A via radial é amplamente utilizada para a realização de cateterismo cardíaco e angioplastia, com vantagens como a diminuição do risco de sangramento e de complicações vasculares. O presente caso relata uma complicação rara durante o cateterismo cardíaco por via radial: a avulsão de tecido endotelial da artéria radial pelo cateter e sua embolização para a artéria descendente anterior, a qual foi resolvida pela aspiração manual do fragmento embolizado. Tal complicação pode ter relação com as características anatômicas específicas da artéria radial do paciente.

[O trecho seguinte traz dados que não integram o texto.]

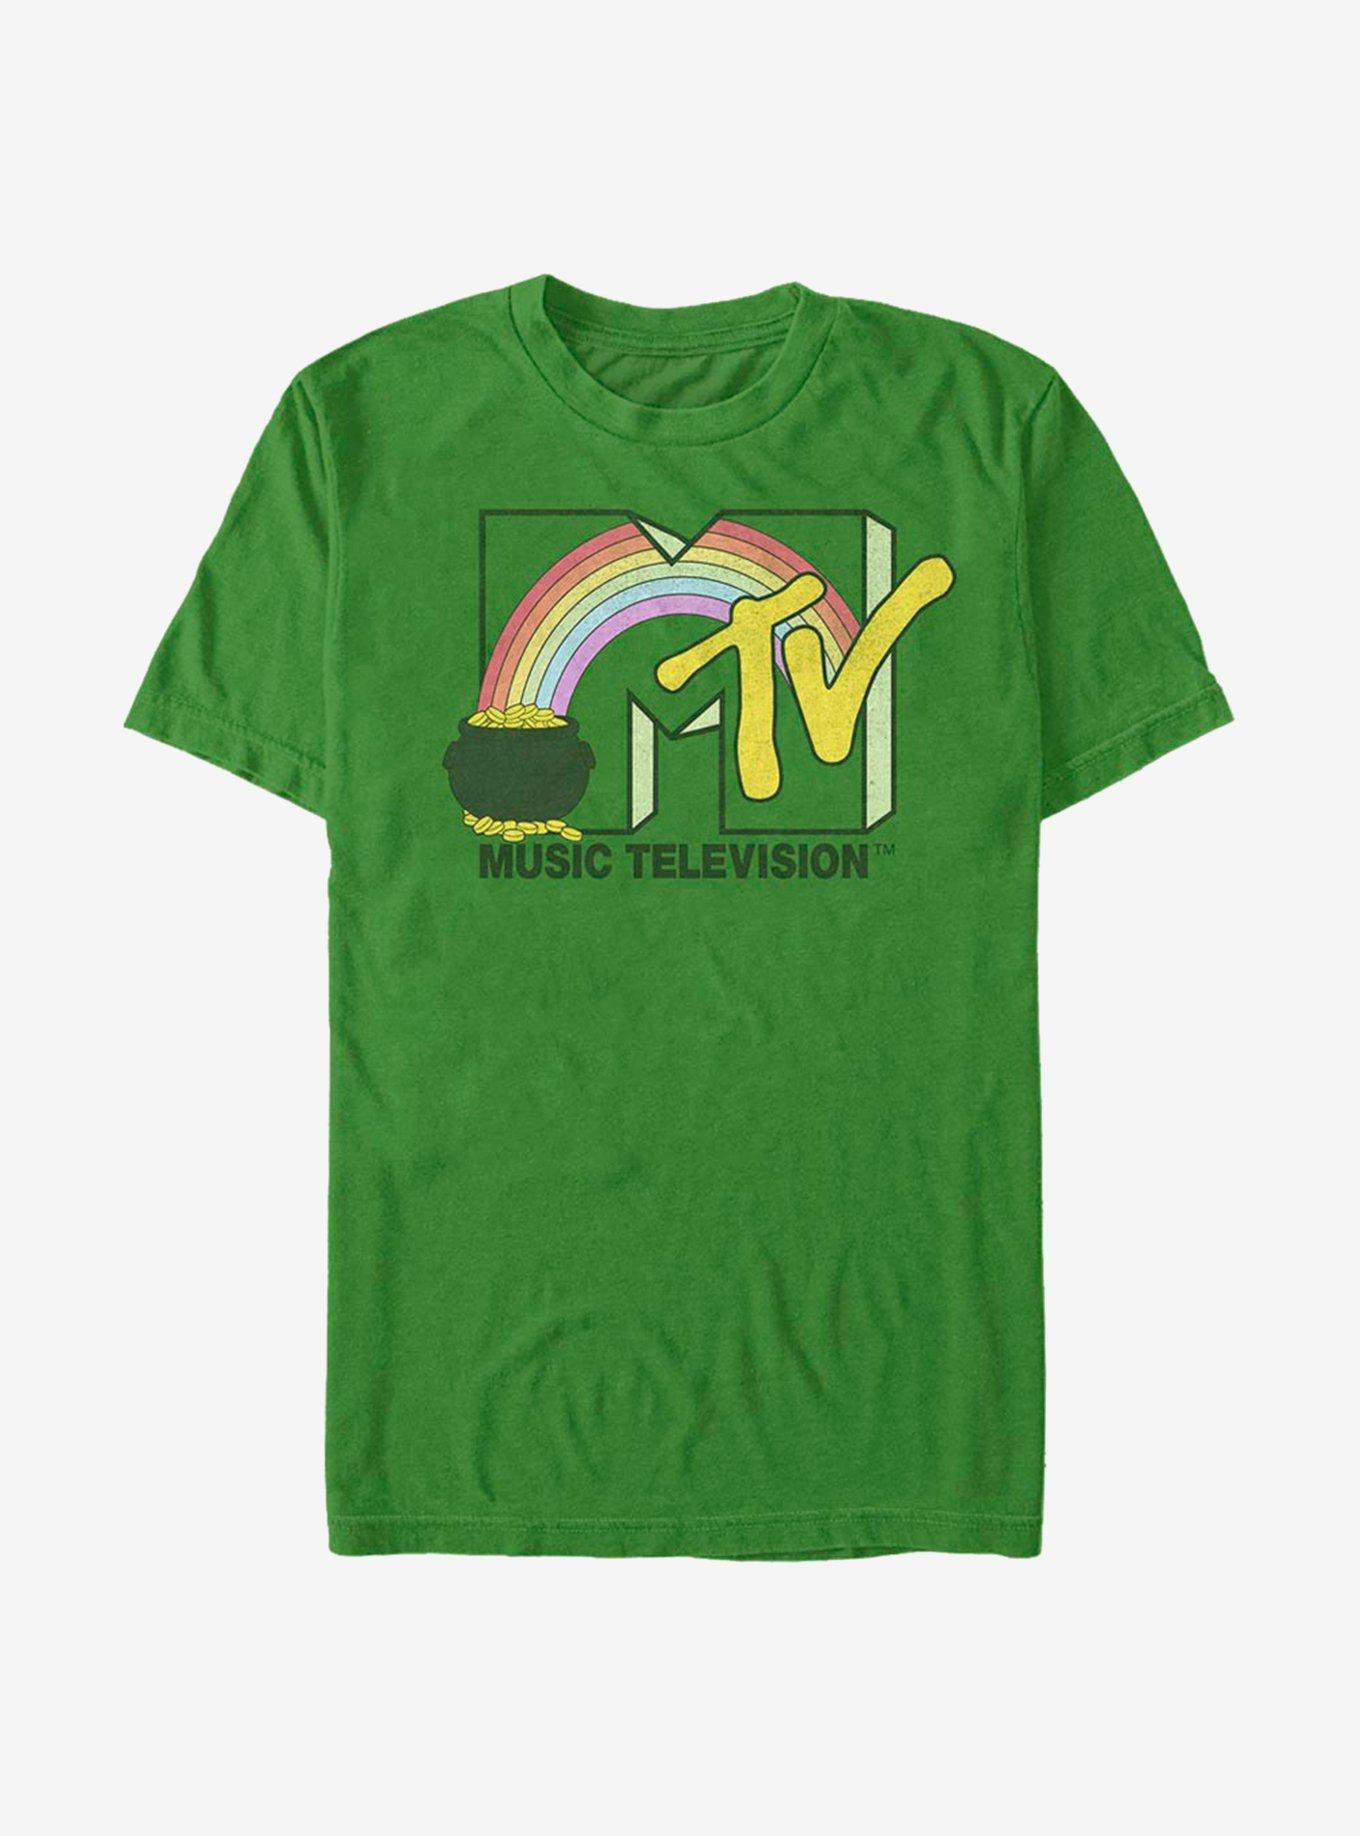 MTV Pot Of T.V. T-Shirt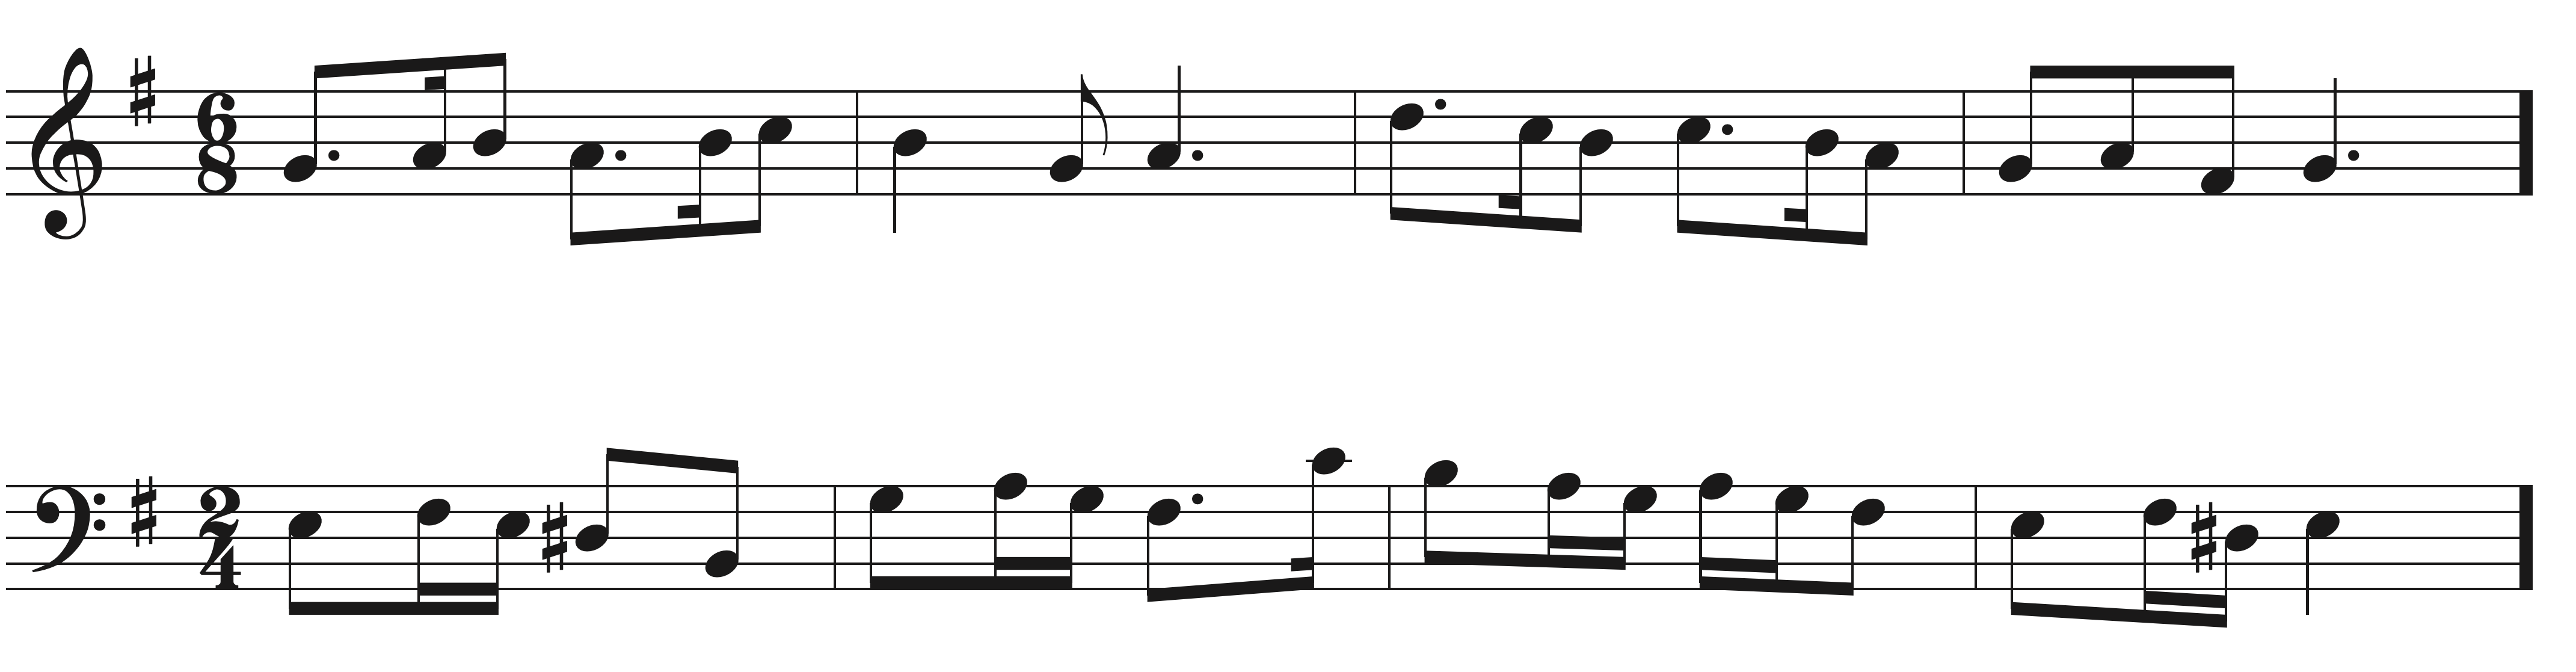 Melodic Motive Sight Singing exercise example

The radial access is widely used for cardiac catheterization and angioplasty, with advantages such as decreased risk of bleeding and vascular complications. This case reports on a rare complication during cardiac catheterization by radial access: radial artery endothelial tissue avulsion through the catheter and its embolization to the left anterior descending artery, which was resolved by manual aspiration of the embolized fragment. This complication may be related to the specific anatomical characteristics of the patient's radial artery.
O uso do acesso radial para a realização de procedimentos diagnósticos e terapêuticos tem ganhado número crescente de adeptos, por estar associado à diminuição do risco de sangramento, ao maior conforto para o paciente e à deambulação precoce pós‐procedimento, em comparação ao acesso femoral.1–3 Particularmente, a redução no sangramento se traduz em diminuição de eventos clínicos e até mesmo em redução de mortalidade, especialmente em pacientes com infarto agudo do miocárdio com supradesnivelamento do ST (IAMCST).4,5
Desse modo, são importantes o conhecimento e o manuseio das possíveis complicações relacionadas ao acesso radial e, dentre elas, relatamos a avulsão da artéria radial, complicação muito rara, cuja ocorrência pode levar à sua oclusão.6,7 A avulsão da artéria radial pode se associar à embolização de fragmentos do endotélio com oclusão coronária aguda, necessitando de intervenção percutânea imediata, como demonstrado no presente caso.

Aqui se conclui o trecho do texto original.